| HN Mirror

Y	Hacker News new \| ask \| show \| jobs

by threepts 60 days ago

Why don't they ask their premier model to generate a bench for them?

Jokes aside, a benchmark I look forward to is ARC-AGI-3. I tried out their human simulation, and it feels very reasoning heavy.

Leaderboard: https://arcprize.org/leaderboard

(Most premier models don't even pass 5 percent.)

4 comments

falcor84 60 days ago

They focus on minimizing the number of moves and don't allow any harness whatsoever, putting the bar extremely high. The current top verified contender (Claude Opus 4.6) is at only 0.45%. But with how new it is, I expect a lot of improvement in the next generation of models.

threepts 60 days ago

Optimal for judging actual reasoning ability rather than an LLM's ability to regurgitate knowledge from a necropost on HN/Reddit/Twitter from 2018.

knollimar 60 days ago

a small harness that stores text files and manages context could be useful, otherwise you lose all ability to measure that skill (and that's important because it represents real world use cases on large code bases)

anthonypasq 59 days ago

arc agi isnt testing a models ability to store files and code things. its testings its ability to reason through puzzles given the same information as a human

falcor84 56 days ago

But that's the thing, as a human faced with a problem I'd often say "Sure, just let me get a pen, some paper and a calculator". Why shouldn't we make it easy for AIs to use their tools of choice?

knollimar 58 days ago

if you tested my ability to reason and you gave me some challenging problems that involved arithmetic, it might be a better test if you gave me a scratch pad so I don't mess up the reasoning parts by failing arithmetic.

jjmarr 60 days ago

I'm making an LLM agent that can play DS games.
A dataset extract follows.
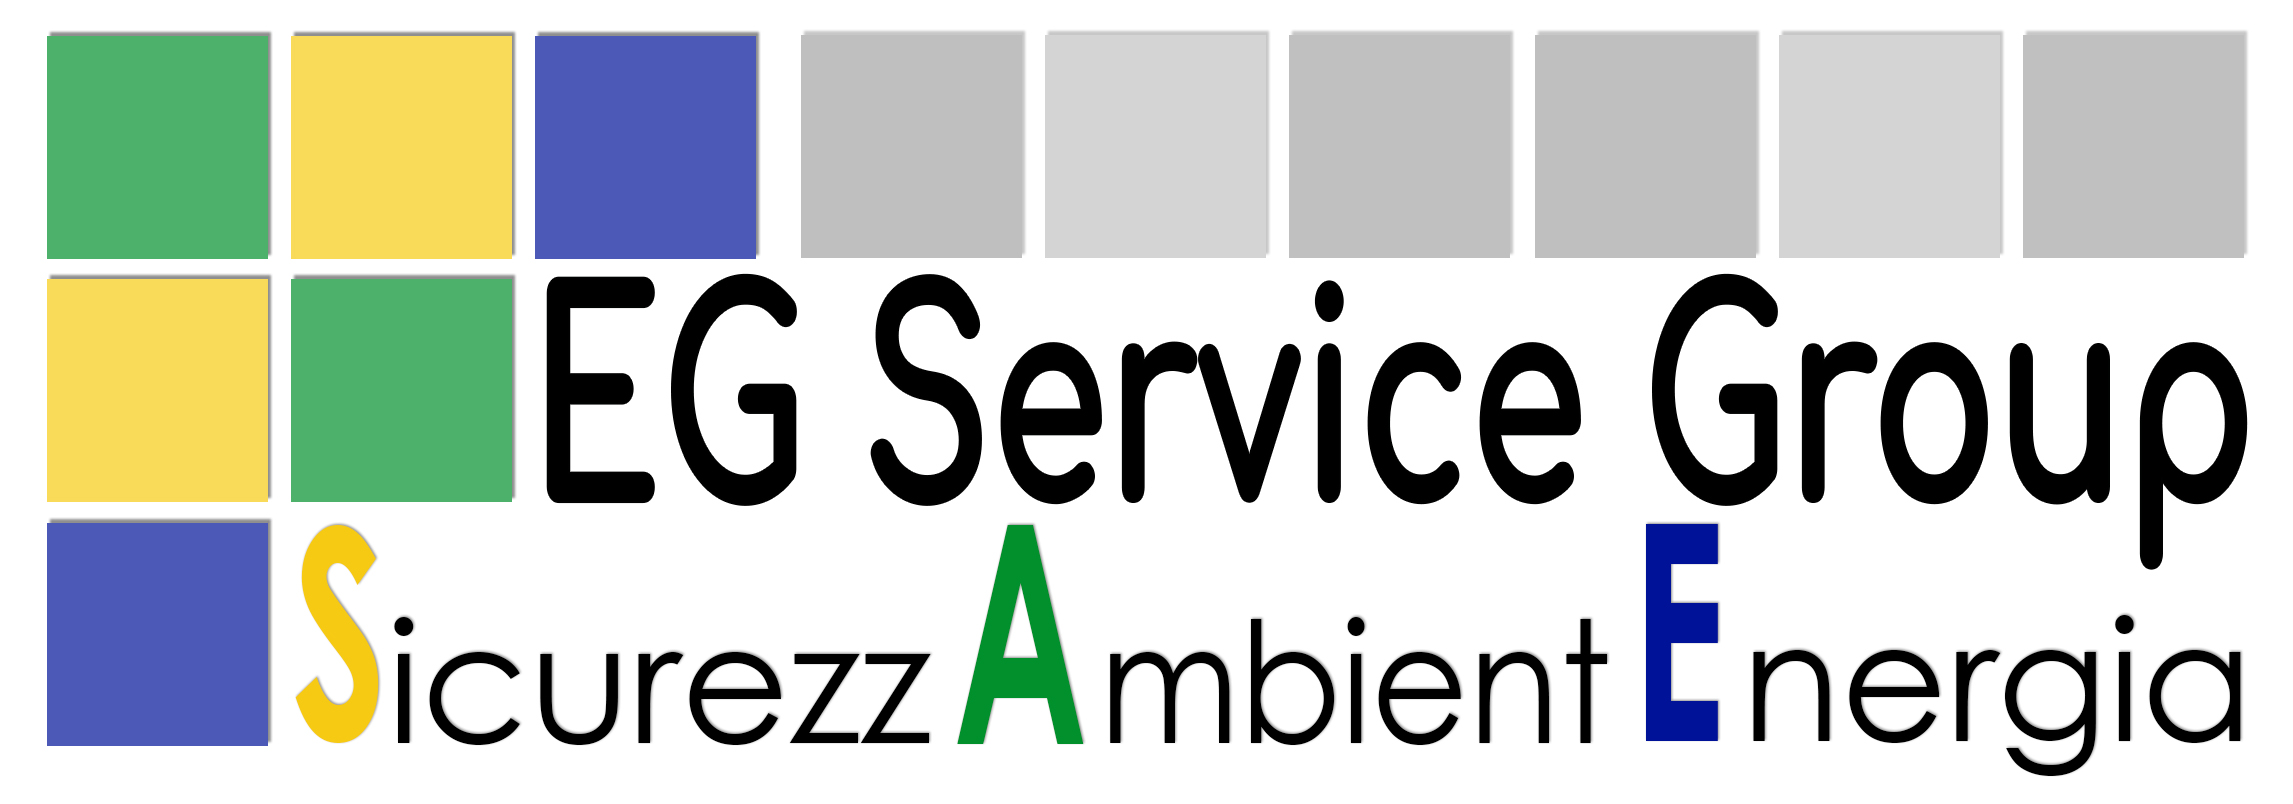 EG Service Group
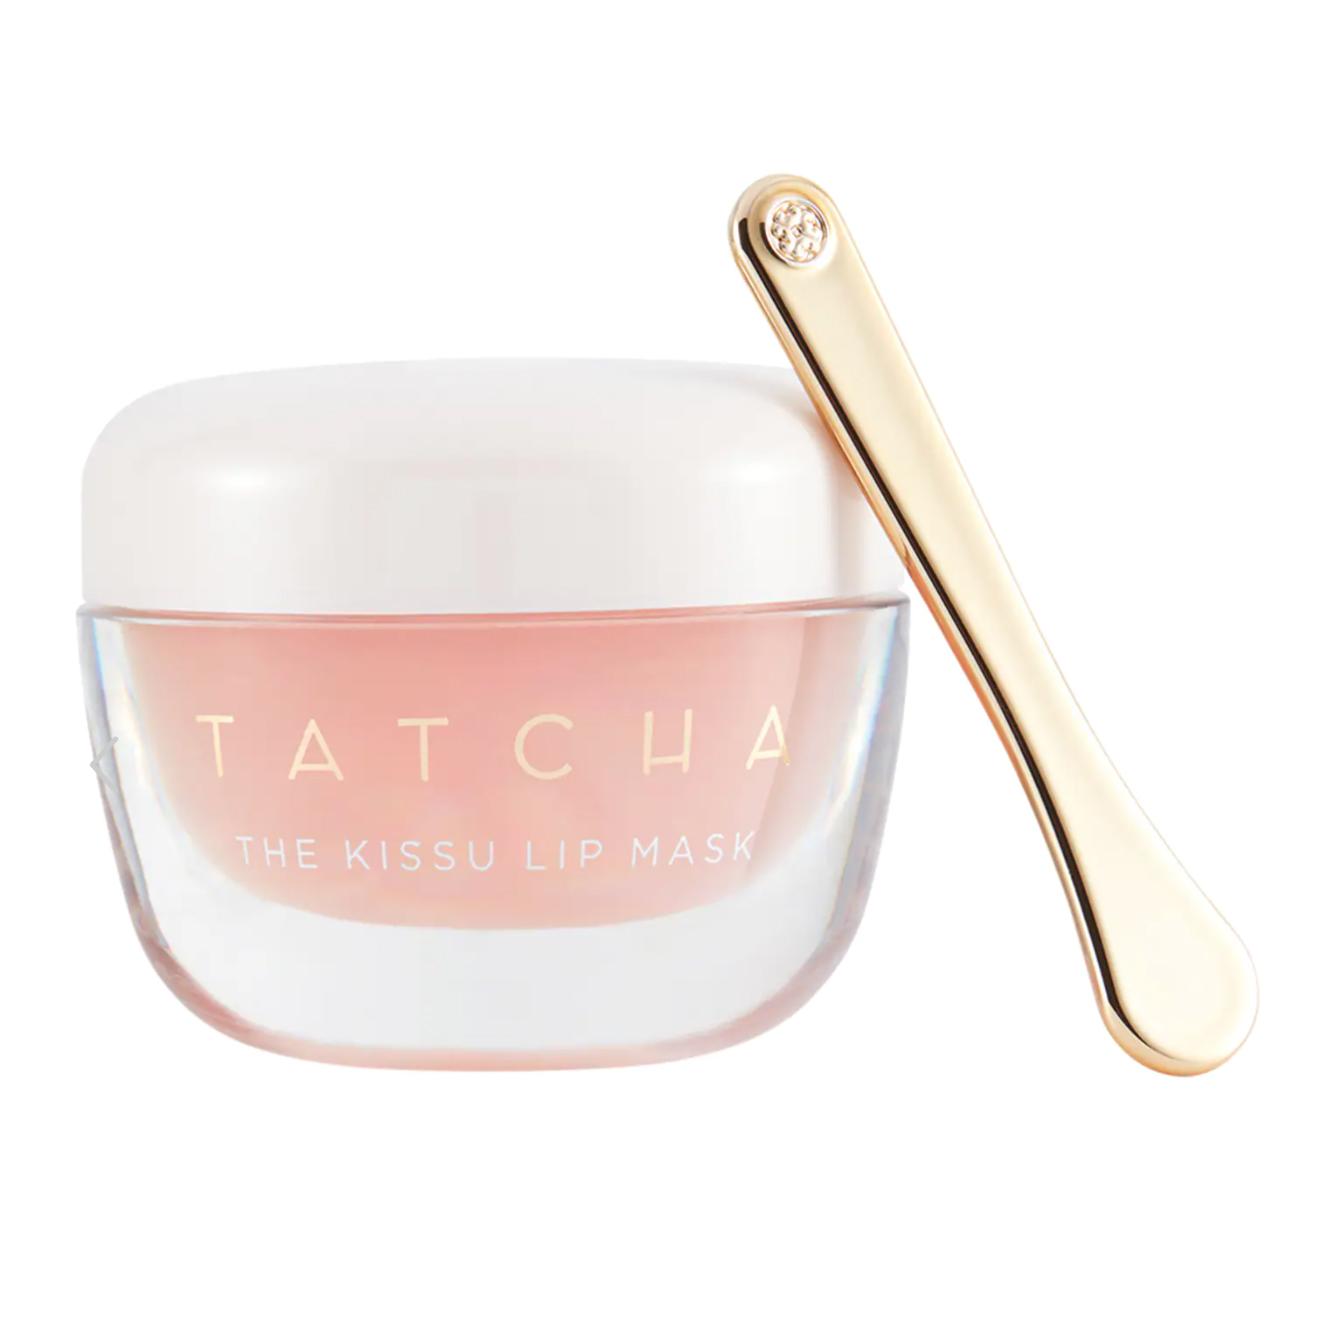 hyram yarbro skincare routine lip balm tatcha

The biggest blocker is clicking on the right spot to move things around in space rather than reasoning abilities.

Arc AGI seems to test that as well. Every game is a rectangular grid to make it as easy as possible yet the AIs still fail.

I'm fairly certain the way forward isn't through agents directly interfacing with UIs but through agents using scripts and other tools to interact with the interface. That's why harnesses are so critical to performance on tasks like this.

I would like a version of Arc AGI that tests the agent's ability to dynamically create these harnesses.

anthonypasq96 60 days ago

the whole point of arc-agi 3 is that if models are AGI then they should be able to solve the same tasks as humans do given the same information, but they cant. allowing scripts and harnesses and whatnot completely defeats the purpose.

jjmarr 60 days ago

Humans haven't interacted with computers by typing in "5 columns right, 3 columns down" since before I was born. They use a mouse and keyboard.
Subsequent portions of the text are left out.